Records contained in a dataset
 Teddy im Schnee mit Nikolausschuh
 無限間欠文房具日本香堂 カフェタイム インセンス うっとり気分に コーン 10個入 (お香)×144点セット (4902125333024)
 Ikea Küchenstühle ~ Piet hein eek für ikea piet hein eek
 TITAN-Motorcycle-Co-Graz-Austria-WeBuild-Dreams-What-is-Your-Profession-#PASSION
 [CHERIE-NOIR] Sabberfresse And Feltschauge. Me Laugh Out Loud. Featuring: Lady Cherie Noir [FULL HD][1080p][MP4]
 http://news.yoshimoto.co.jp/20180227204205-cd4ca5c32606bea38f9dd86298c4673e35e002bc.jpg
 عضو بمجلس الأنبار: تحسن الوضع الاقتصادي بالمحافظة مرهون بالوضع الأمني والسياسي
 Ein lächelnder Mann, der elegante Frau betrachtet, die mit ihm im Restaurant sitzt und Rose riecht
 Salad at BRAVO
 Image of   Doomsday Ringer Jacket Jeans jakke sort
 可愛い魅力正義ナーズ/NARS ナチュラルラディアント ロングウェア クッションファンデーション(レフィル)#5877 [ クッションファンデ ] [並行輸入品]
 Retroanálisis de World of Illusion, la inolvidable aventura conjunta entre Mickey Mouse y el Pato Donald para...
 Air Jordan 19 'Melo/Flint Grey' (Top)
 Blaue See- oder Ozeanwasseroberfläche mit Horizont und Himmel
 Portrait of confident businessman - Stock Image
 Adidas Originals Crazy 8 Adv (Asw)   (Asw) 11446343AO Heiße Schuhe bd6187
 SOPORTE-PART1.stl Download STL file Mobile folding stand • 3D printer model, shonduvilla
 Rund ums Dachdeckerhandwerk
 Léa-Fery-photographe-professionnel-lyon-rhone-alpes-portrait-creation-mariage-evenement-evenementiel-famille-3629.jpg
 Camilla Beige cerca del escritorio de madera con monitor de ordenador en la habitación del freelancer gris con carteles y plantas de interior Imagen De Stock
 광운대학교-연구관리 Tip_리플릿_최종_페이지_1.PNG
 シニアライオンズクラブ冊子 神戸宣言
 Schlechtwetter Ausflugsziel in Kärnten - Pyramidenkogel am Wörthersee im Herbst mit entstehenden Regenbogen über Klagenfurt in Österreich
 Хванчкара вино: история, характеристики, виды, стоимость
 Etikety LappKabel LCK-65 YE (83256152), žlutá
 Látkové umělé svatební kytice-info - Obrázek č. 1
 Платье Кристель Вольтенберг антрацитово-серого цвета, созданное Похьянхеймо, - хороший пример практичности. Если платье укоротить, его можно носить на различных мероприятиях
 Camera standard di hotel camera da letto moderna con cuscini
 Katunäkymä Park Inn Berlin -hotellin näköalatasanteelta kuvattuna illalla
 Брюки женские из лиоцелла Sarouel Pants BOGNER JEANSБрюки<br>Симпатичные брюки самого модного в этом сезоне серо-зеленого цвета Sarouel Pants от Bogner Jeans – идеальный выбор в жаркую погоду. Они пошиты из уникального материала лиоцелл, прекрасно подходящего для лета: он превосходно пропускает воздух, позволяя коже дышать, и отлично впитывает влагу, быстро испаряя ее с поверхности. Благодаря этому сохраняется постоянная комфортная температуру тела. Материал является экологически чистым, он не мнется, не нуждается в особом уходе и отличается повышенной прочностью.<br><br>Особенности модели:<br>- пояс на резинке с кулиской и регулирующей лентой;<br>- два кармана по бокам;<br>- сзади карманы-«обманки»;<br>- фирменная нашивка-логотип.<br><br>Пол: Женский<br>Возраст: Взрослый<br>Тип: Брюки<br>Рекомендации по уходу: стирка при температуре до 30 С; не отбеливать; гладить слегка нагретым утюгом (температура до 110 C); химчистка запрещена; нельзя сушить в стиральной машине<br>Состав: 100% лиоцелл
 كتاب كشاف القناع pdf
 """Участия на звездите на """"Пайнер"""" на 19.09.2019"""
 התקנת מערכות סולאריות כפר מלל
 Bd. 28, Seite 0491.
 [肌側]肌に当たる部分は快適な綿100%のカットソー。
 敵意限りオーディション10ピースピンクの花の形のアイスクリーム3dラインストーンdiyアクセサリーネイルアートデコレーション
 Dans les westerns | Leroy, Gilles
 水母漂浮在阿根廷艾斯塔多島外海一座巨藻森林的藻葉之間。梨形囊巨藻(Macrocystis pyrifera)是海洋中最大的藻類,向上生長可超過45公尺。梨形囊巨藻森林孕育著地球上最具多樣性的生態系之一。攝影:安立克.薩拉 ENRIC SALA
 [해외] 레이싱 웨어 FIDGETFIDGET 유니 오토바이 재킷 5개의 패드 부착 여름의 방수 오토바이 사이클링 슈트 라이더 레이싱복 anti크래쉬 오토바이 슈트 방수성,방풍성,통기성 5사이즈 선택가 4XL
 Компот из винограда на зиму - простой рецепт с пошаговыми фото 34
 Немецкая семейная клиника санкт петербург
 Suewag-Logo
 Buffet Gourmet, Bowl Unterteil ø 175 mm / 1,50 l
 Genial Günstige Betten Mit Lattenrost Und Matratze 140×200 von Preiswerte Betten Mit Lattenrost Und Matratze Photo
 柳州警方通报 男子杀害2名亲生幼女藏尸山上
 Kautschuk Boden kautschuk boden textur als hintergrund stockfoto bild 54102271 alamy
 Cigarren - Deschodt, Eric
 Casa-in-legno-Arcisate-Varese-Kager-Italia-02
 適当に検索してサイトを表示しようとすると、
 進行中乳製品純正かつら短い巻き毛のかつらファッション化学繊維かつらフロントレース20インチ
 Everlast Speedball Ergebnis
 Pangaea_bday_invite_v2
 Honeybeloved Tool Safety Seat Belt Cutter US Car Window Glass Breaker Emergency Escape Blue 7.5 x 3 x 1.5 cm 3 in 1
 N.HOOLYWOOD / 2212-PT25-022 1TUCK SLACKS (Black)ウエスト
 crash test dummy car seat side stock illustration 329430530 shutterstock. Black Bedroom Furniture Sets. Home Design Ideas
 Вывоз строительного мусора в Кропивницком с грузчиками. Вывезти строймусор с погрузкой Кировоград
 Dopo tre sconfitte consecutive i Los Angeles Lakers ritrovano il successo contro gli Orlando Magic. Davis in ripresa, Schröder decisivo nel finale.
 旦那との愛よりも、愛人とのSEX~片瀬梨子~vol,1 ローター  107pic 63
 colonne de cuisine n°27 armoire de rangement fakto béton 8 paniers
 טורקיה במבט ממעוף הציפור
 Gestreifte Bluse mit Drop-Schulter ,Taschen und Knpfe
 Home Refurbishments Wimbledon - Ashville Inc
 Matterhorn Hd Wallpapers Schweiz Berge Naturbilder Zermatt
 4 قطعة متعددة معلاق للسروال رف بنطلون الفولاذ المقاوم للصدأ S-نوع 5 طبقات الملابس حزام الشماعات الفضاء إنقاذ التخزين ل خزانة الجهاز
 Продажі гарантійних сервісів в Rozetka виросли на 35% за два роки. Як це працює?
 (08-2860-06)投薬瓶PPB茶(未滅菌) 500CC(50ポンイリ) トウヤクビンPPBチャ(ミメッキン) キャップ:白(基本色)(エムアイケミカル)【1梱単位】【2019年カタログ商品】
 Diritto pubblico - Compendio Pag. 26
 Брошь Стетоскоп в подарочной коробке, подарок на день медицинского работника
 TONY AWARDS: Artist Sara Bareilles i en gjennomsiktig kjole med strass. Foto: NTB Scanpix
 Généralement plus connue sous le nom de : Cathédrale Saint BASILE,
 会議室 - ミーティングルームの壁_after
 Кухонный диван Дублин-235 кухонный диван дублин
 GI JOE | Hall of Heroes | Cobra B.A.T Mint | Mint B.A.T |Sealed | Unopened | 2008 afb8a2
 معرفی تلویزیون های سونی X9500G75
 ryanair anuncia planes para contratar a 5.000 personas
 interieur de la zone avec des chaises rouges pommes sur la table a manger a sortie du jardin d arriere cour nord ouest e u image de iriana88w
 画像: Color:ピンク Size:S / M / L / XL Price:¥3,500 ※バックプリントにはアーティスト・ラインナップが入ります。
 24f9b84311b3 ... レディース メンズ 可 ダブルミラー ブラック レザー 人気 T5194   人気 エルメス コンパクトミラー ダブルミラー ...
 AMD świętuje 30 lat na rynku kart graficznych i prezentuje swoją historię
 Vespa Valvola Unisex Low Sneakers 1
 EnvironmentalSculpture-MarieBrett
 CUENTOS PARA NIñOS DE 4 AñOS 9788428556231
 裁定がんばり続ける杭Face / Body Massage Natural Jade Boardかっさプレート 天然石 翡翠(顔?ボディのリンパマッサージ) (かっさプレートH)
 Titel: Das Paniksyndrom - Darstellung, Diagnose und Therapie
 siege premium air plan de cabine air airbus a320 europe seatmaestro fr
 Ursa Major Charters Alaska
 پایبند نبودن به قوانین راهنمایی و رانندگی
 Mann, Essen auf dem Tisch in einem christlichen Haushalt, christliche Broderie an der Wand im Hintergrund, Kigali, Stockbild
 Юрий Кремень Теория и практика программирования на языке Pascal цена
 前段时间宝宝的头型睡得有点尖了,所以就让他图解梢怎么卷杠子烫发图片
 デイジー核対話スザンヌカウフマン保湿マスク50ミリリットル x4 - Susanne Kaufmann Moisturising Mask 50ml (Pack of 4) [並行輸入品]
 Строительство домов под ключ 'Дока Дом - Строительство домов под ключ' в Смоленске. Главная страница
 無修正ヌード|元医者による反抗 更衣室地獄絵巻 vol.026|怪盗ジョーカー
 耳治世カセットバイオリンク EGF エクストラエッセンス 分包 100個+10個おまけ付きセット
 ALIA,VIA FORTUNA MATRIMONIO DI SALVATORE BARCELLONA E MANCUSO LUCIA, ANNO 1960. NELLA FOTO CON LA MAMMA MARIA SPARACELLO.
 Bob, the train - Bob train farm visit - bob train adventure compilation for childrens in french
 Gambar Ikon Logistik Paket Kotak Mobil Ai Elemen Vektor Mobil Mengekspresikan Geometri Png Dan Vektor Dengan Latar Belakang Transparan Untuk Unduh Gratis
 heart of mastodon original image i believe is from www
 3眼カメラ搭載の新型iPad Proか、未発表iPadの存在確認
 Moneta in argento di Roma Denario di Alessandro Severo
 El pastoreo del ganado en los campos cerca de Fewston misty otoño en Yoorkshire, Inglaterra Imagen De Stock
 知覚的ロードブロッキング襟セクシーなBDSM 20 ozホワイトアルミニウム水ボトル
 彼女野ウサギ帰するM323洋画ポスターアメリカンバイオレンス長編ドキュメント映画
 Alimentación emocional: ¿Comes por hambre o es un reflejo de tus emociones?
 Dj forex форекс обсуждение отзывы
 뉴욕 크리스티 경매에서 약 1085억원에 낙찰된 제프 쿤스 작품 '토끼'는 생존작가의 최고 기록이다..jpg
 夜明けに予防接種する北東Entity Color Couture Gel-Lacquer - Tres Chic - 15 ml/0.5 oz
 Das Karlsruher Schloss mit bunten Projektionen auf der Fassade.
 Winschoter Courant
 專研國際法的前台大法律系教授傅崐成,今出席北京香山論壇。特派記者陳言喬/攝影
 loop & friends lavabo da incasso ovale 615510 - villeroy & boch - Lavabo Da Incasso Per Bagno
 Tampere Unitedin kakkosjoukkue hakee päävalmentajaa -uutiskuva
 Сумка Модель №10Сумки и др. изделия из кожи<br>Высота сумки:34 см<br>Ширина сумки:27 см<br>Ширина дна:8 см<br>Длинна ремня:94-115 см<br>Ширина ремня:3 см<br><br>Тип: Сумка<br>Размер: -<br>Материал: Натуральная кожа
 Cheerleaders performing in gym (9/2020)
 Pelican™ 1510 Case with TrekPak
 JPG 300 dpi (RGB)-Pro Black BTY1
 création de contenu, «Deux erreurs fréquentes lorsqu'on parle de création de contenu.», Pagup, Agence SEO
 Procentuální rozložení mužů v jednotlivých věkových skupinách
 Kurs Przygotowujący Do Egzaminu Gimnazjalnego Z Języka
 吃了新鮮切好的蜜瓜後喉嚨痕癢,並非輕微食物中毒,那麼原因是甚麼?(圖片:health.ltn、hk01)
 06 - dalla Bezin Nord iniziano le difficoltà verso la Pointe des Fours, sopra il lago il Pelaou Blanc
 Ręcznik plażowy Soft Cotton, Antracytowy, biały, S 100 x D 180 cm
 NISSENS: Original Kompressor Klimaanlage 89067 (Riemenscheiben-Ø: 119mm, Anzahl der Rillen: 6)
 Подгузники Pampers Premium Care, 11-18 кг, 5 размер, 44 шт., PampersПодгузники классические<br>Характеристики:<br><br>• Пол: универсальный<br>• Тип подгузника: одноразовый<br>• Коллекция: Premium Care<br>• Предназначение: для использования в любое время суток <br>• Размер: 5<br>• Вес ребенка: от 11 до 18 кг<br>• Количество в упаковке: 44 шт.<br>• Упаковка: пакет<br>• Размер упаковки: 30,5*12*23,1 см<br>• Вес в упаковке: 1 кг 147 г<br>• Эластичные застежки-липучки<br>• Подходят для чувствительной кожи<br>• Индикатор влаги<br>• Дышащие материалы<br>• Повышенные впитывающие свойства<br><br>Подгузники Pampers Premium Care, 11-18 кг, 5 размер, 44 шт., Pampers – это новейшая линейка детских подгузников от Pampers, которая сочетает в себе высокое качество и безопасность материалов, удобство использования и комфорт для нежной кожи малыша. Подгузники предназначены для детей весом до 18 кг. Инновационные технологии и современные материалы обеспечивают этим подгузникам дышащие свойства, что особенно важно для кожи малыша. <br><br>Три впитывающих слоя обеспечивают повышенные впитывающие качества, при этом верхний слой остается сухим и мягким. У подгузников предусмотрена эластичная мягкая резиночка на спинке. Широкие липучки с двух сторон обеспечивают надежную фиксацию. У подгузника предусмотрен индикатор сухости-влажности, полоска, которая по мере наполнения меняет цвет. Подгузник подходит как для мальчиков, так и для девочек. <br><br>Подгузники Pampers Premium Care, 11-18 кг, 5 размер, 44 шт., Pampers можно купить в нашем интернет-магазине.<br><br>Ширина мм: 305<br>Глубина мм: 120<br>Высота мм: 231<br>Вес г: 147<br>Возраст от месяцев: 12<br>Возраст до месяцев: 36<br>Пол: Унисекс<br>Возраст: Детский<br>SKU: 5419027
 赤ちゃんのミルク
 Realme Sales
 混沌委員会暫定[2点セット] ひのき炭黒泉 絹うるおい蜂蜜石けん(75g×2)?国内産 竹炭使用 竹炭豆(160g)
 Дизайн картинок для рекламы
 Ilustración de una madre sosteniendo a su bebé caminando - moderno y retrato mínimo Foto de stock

• WHAT TO DO
Your answer must be a copy of every line in the data above that holds the string "Imagen".

• ANSWER FOR THE TASK
 Camilla Beige cerca del escritorio de madera con monitor de ordenador en la habitación del freelancer gris con carteles y plantas de interior Imagen De Stock
 El pastoreo del ganado en los campos cerca de Fewston misty otoño en Yoorkshire, Inglaterra Imagen De Stock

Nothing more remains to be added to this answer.